= SpecDrum =

Drum machine peripheral for the ZX Spectrum home computer

The SpecDrum was an inexpensive drum machine, designed by musicians Alan Pateman and Peter Hennig between 1984 and 1985, and unlike most contemporary drum machines, was a peripheral for the popular ZX Spectrum home computer. It was released under licence by Cheetah Marketing in 1985. It was notable for its low retail price of £29.95, when standalone alternatives typically cost around £250-£300 for a similar functionality. They sold about 30 000 units the first year making it one of the best selling hardware add-ons for the ZX Spectrum.

==Description==
The device connected to the expansion bus on the ZX Spectrum. The ZX Spectrum ran software that was used to program rhythm patterns, and chain these into songs. Patterns and songs could then be loaded and saved onto cassette tape. The SpecDrum was an 8-voice machine (i.e. it allowed the user to load 8 different percussion samples). However it only had 3 output channels (i.e. maximum polyphony of 3 samples at a time) - the first channel could trigger the 'bass drum' voice, the second channel was used for the three snare/tom voices, and the third channel for the remaining four samples.

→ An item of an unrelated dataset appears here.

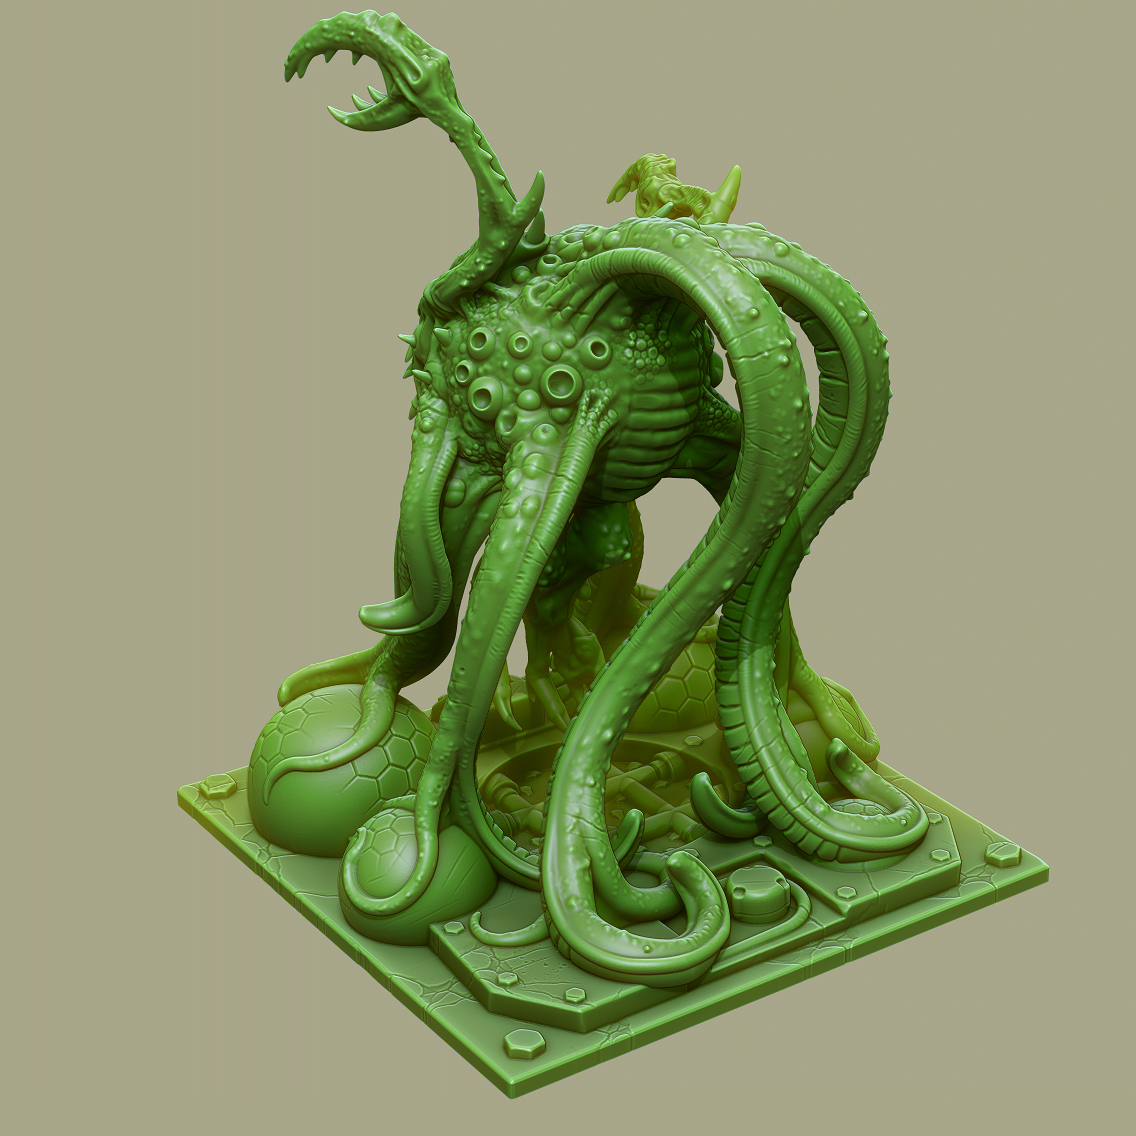 3D Printed TENTACLE MONSTER by PrintYourMonsters

The standard kit consisted of bass drum, snare drum, mid and low tomtoms, cowbell, hi-hat open and closed and hand claps. The sound has been compared to that of a LinnDrum. Cheetah also sold 'electro', 'afro' and 'Latin' kits on cassette, which could be loaded into the ZX Spectrum in place of the standard one. In addition, software was available enabling the user to sample and build their own custom kits. The SpecDrum could also, in principle, be synchronized to other musical equipment, using a sync pulse sent and received from the ZX Spectrum's "ear" and "mic" audio input/output sockets.

Artists who have used it include Nigel Powell who used for a 1987 demo with The Illiterate Hands that also featured Jonny Greenwood (of Radiohead) on keyboards and harmonica and vocals by Andy Yorke (of Unbelievable Truth). The SpecDrum was followed by the Cheetah MD8, which did not require a separate computer.

An Android app version has been created by the designer Alan Pateman in 2016. There is also a software version for Microsoft Windows.